Training lasts for about 10 minutes on a single 2080Ti.

Testing

On test set with masks:

python3 validate.py -test_data rof_split/test_mask.txt -subject2class rof_split/subject2class.json \
-checkpoint weights_rof_augmented/best.pth -batch 128

On test set with sunglasses:

python3 validate.py -test_data rof_split/test_sunglass.txt -subject2class rof_split/subject2class.json \
-checkpoint weights_rof_augmented/best.pth -batch 128

To test the model trained on non-augmented data, just replace weights_rof_augmented with weights_rof_original

Model

We adopted the ResNet18 network, which has 18 layers. It has a stack of convolutional layers with a fc layer at the end. It is a very useful architecture in the field of computer vision.
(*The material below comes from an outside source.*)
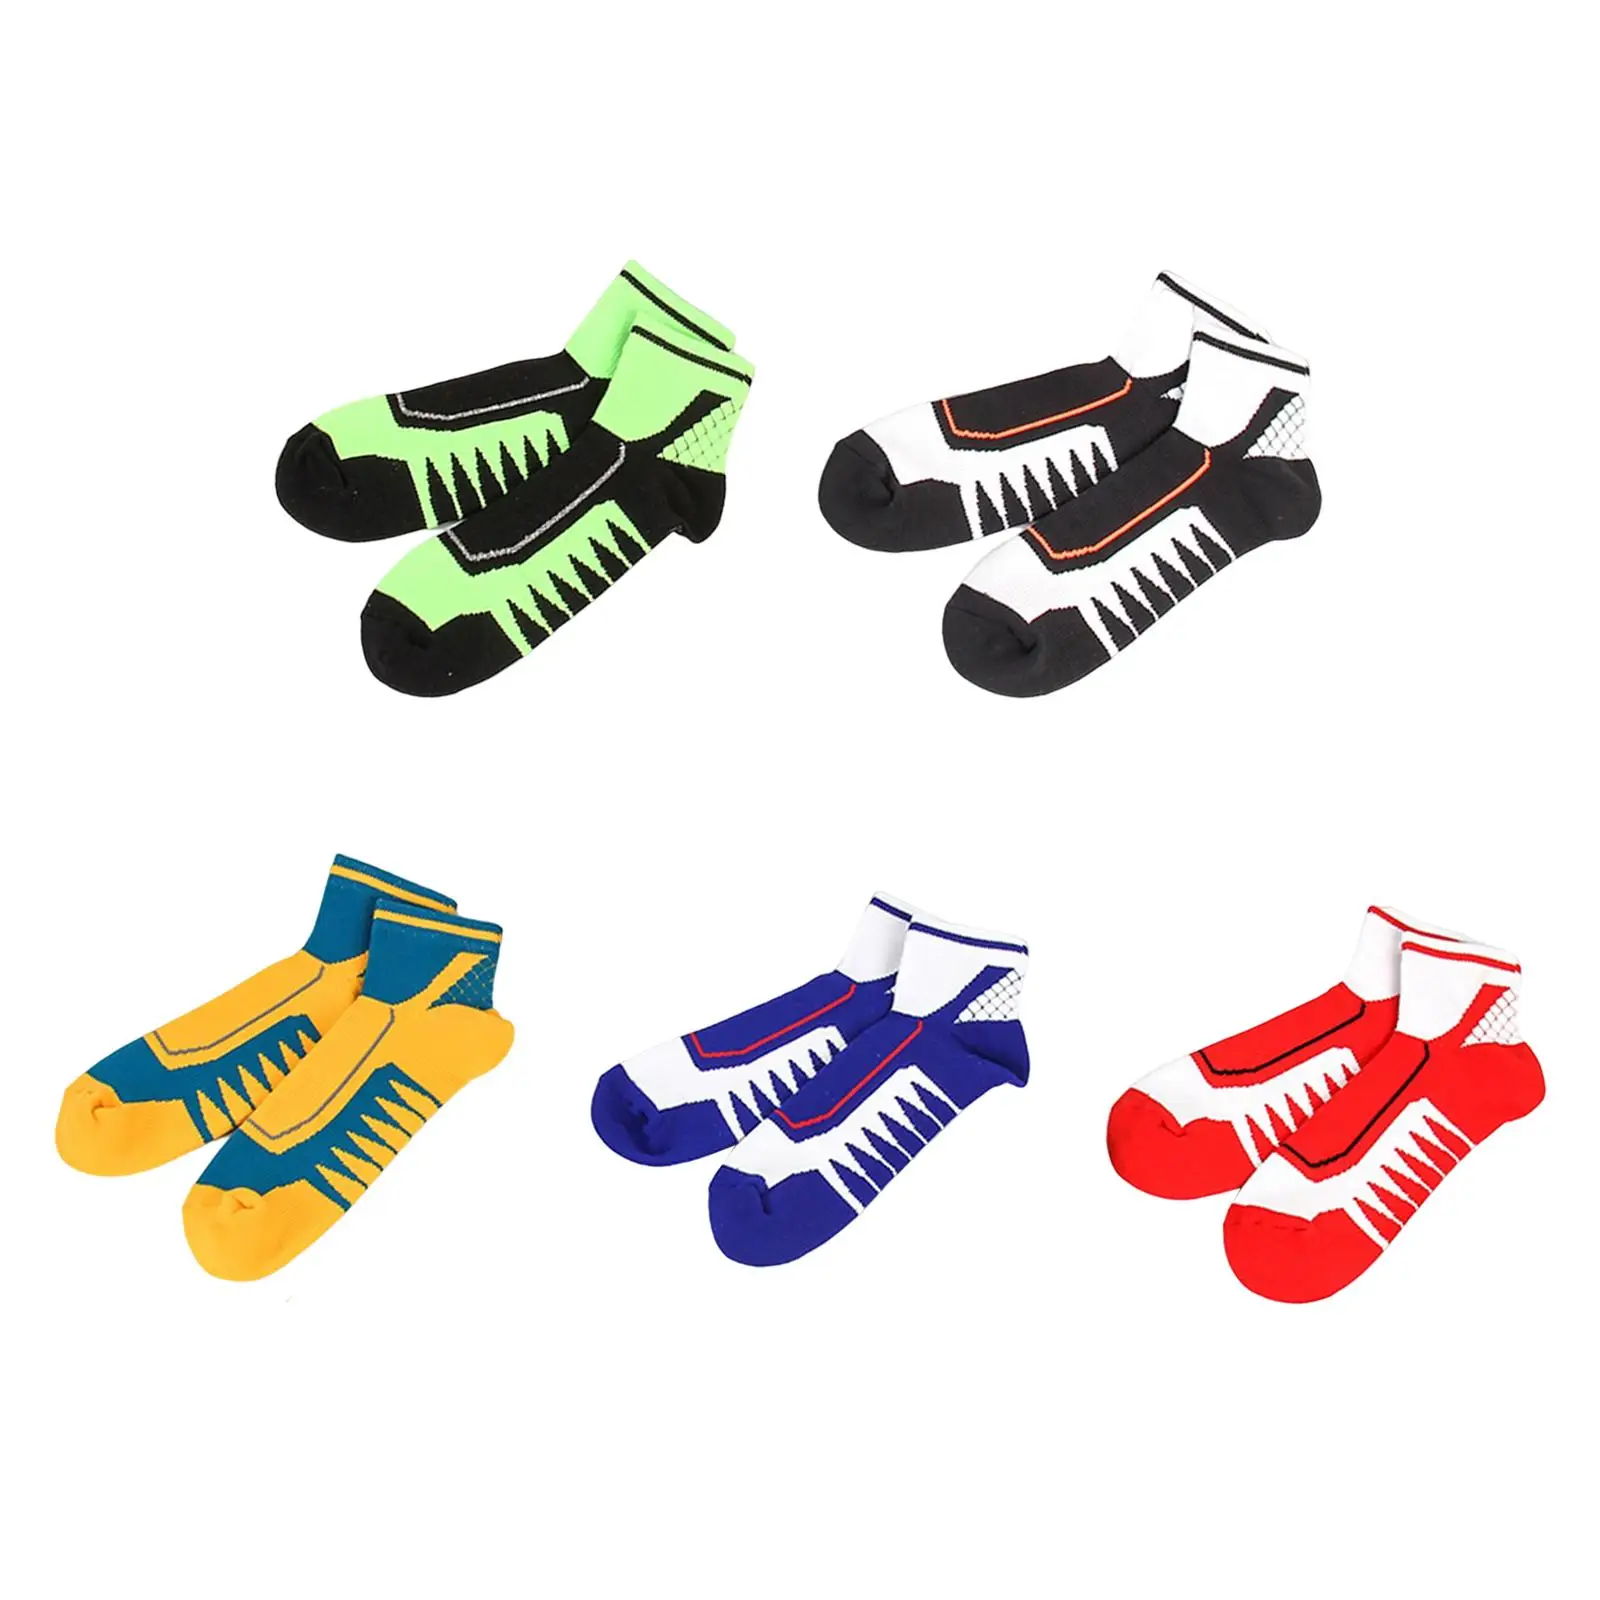 Thicker 5 Pairs Men Crew Socks Winter Fashion Athletic Sports Ankle Socks for New Year Spring Festival Basketball Running Home
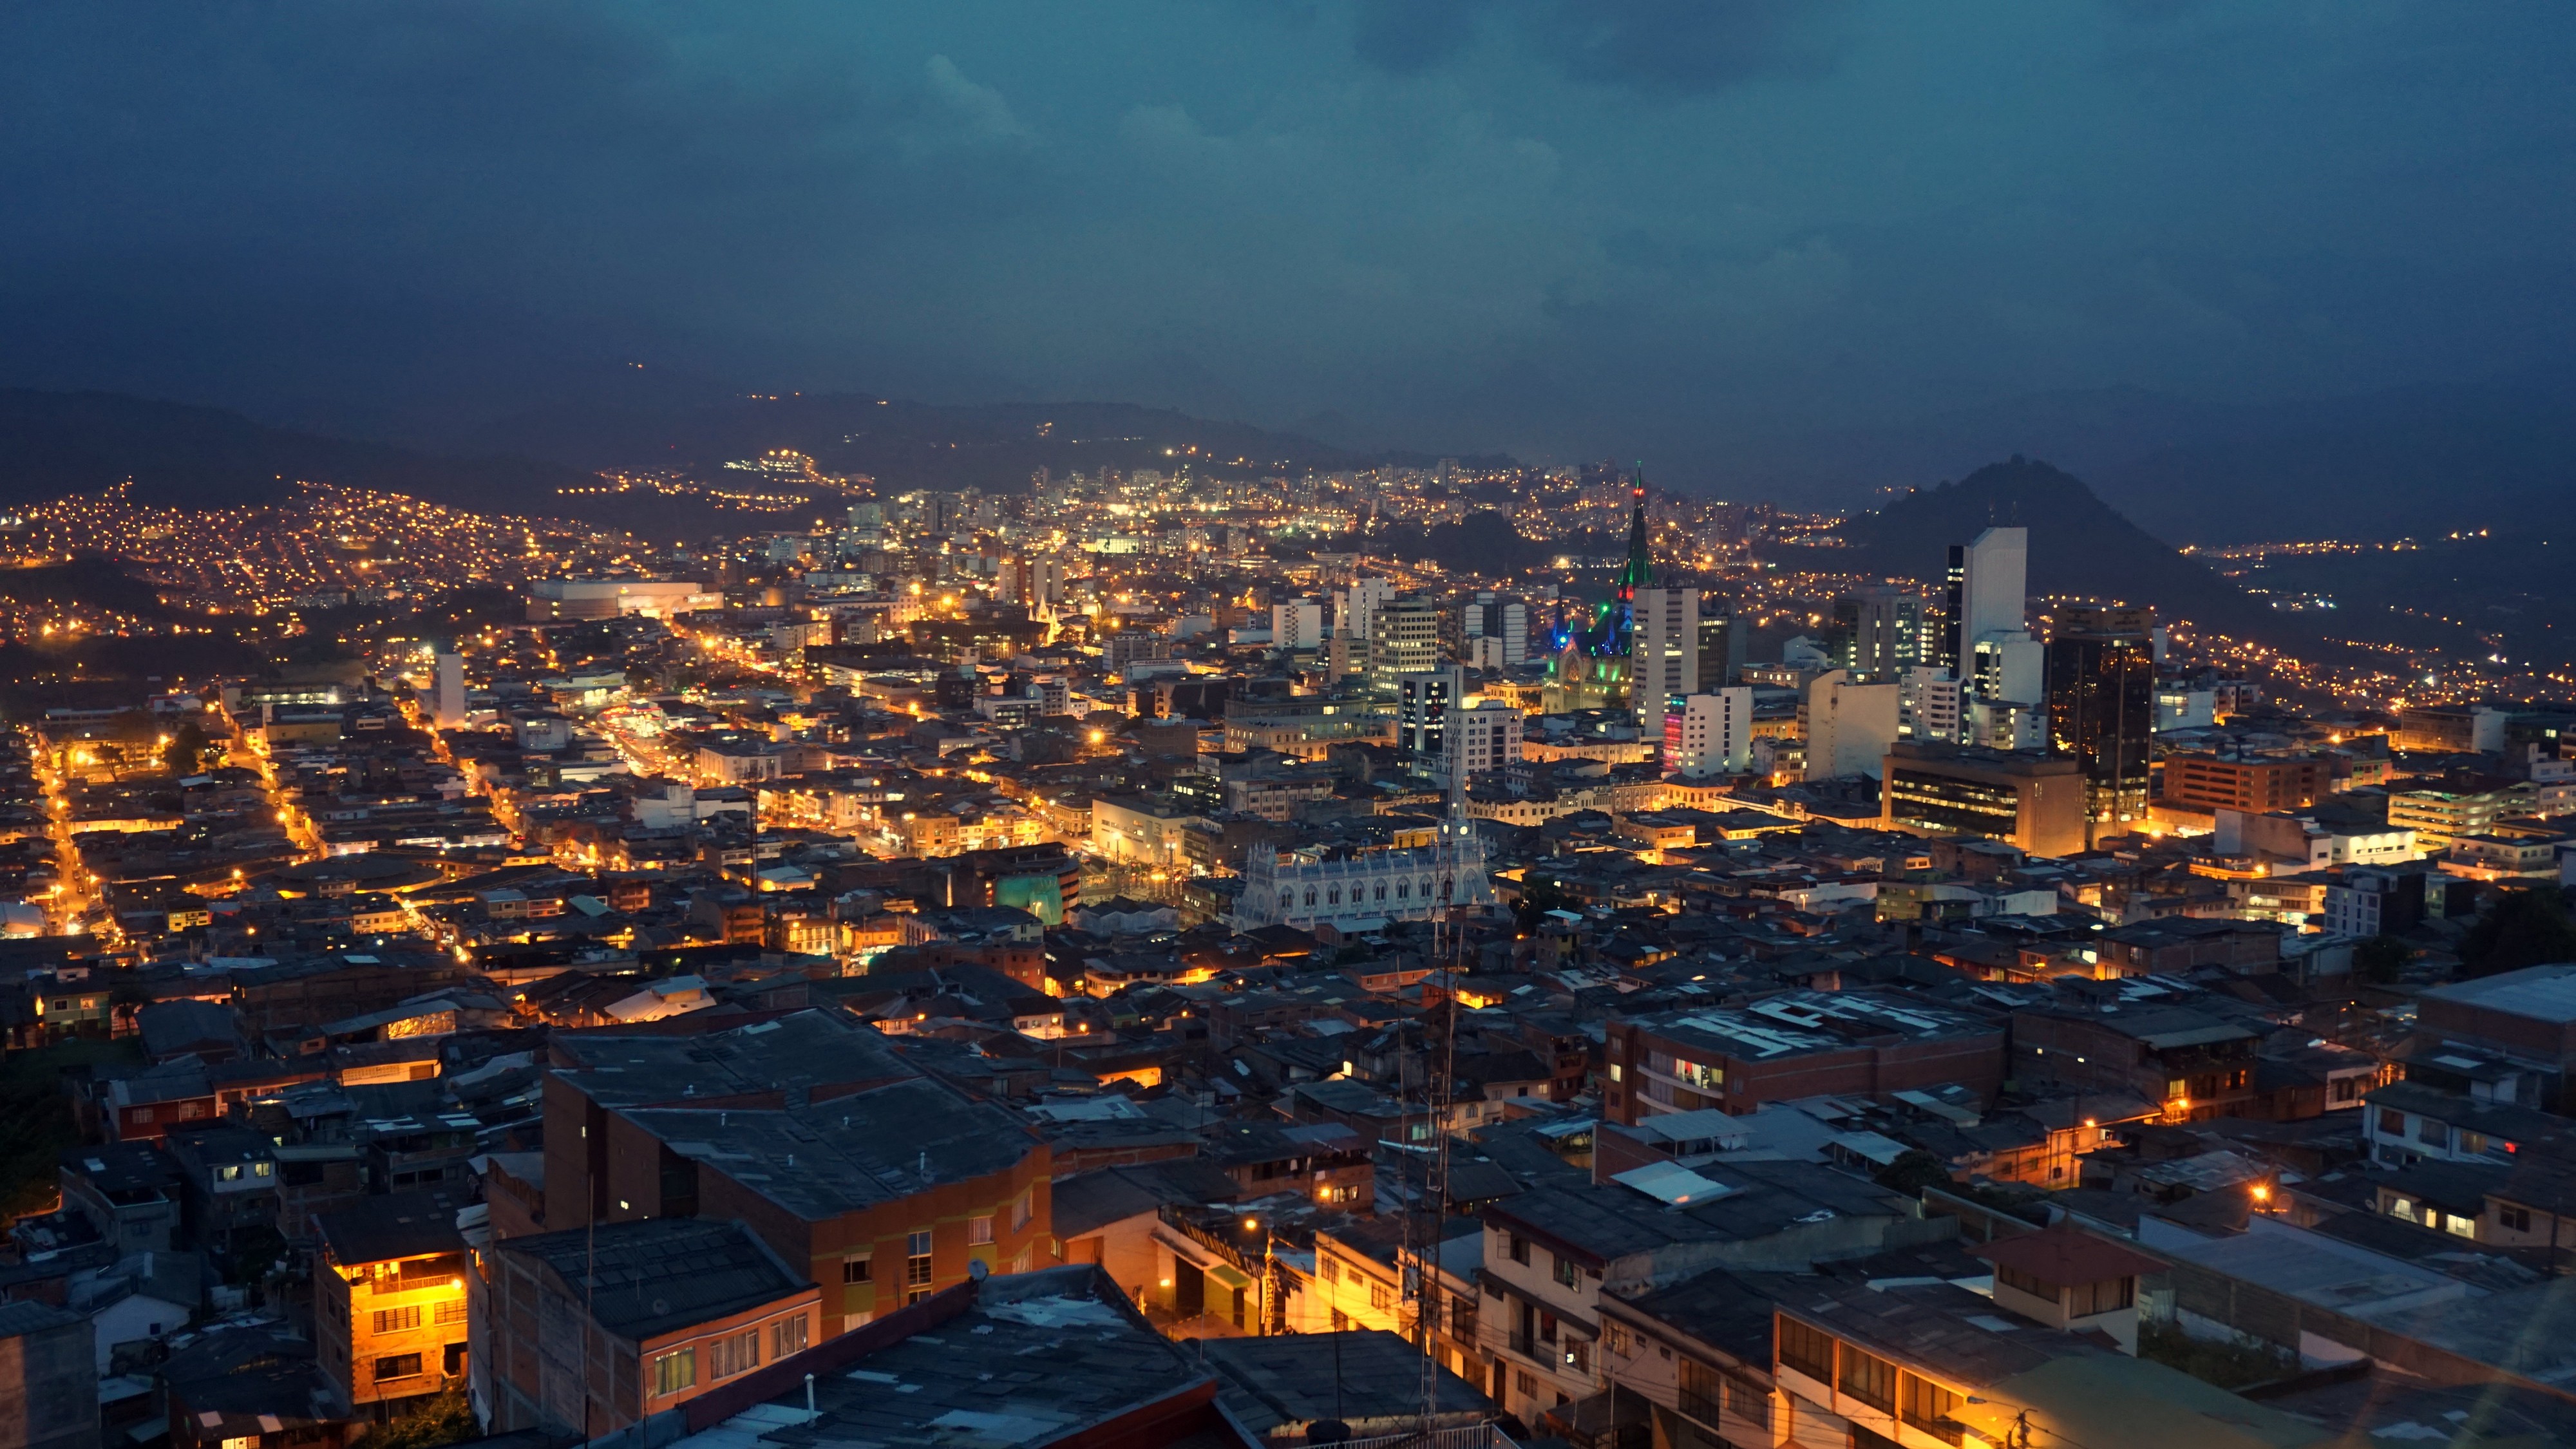 Manizales city center at dawn

We use the model pretrained on ImageNet to speed up our training.

Experimental results

Models VGGFace2 validation ROF validation ROF test (masks) ROF test (sunglasses)
Original 91.38% 78.92% 36.98% 18.79%
Augmented N/A 78.05% 46.35% 24.47%

As is seen in the table above, if the model is trained on the original training set, although it can achieve high accuracy on normal data, it lacks generalization ability when encountering occluded test data. After the model is trained on the augmented data, its generalization ability is improved to a large extent, while the classification accuracy on normal data is not affected. This phenomenon is consistent with our expectation since the model has aleady seen some synthetic occluded images during augmented training.

To better understand the performance, we plot the authentic and impostor distribution for the validation and test sets (cosine similarity of the feature before the fully connected layer).

  • ROF validation set:

plot

  • ROF test set (masks):

plot

  • ROF test set (sunglasses):

plot

  • We can see that the authentic and impostor distribution on the validation set is OK, as we can clearly see the difference of the authentic and impostor pairs.

  • Similar trend is found on test sets. However, the distribution are less distinguishable due to their larger difficulty.